# What the task requires
Repeat the listing exactly as given, omitting every image.

# Dataset content

--- START ---

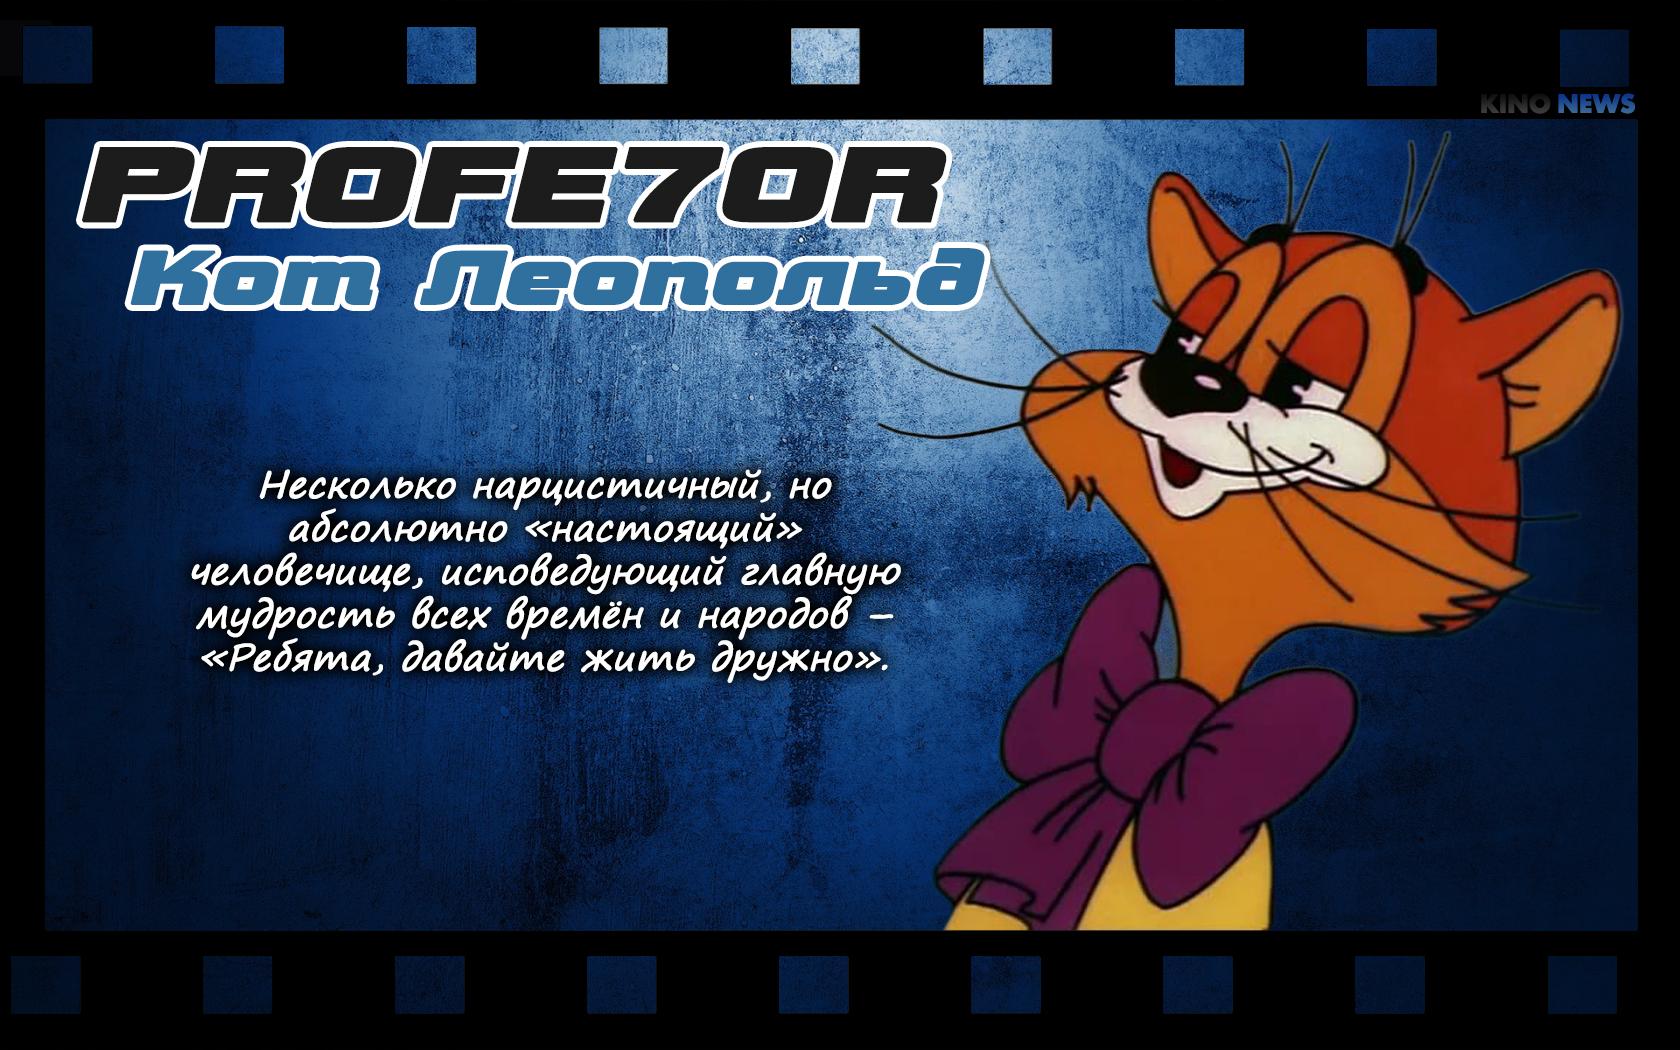 https://www.kinonews.ru/insimgs/2017/persimg/persimg77944_52.jpg
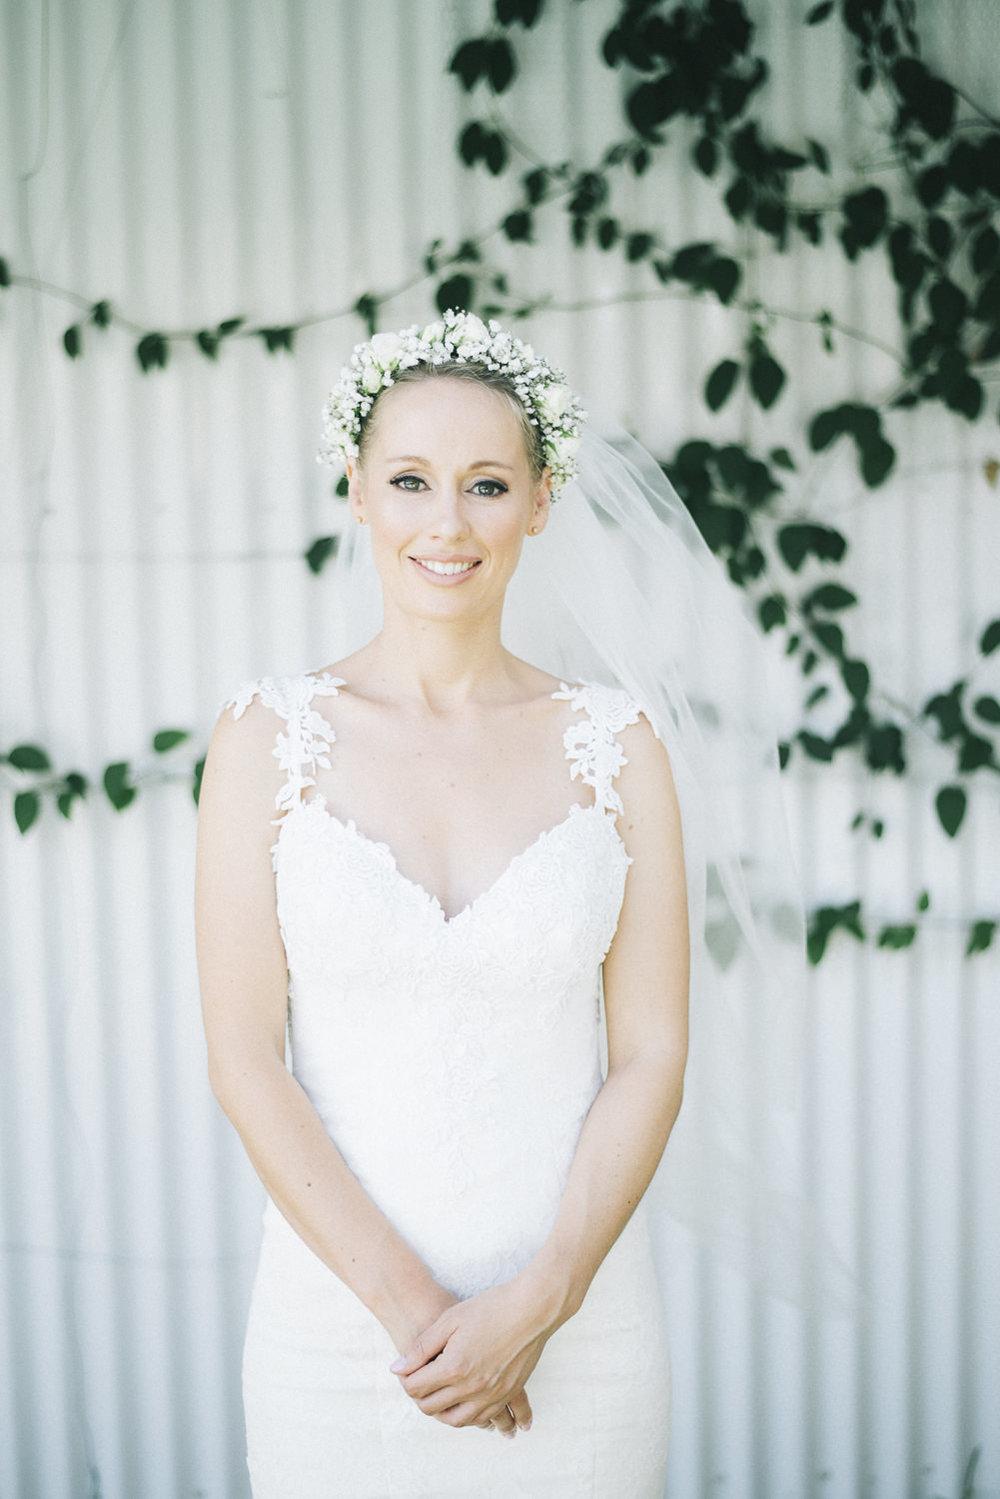 Ryan-sarah-jfk-wood-fire-gold-coast-wedding-42.jpg
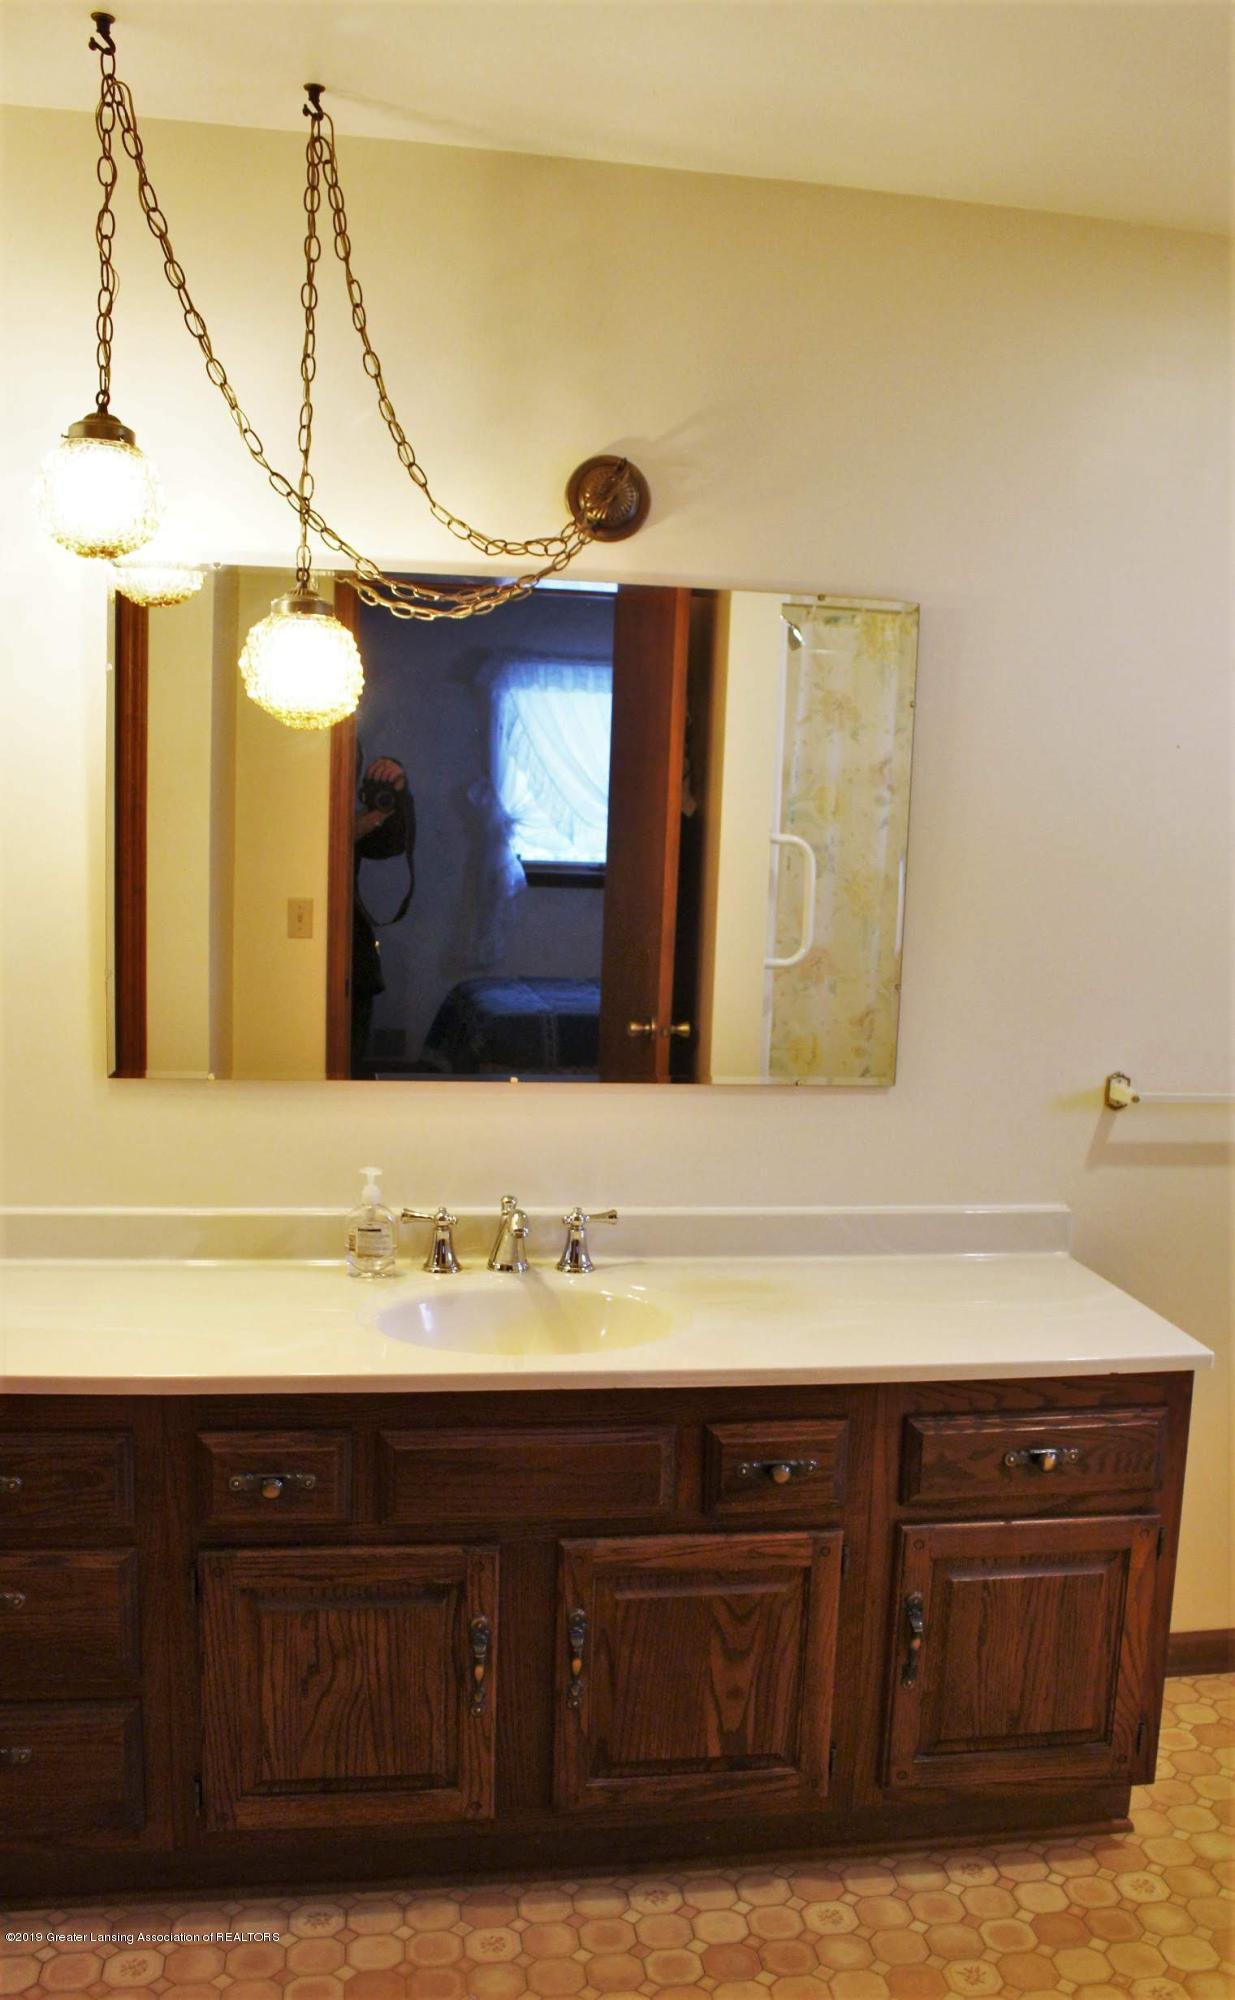 436 N Maple St - Bathroom - 17

--- END ---

# Answer to this problem
 https://www.kinonews.ru/insimgs/2017/persimg/persimg77944_52.jpg
 Ryan-sarah-jfk-wood-fire-gold-coast-wedding-42.jpg
 436 N Maple St - Bathroom - 17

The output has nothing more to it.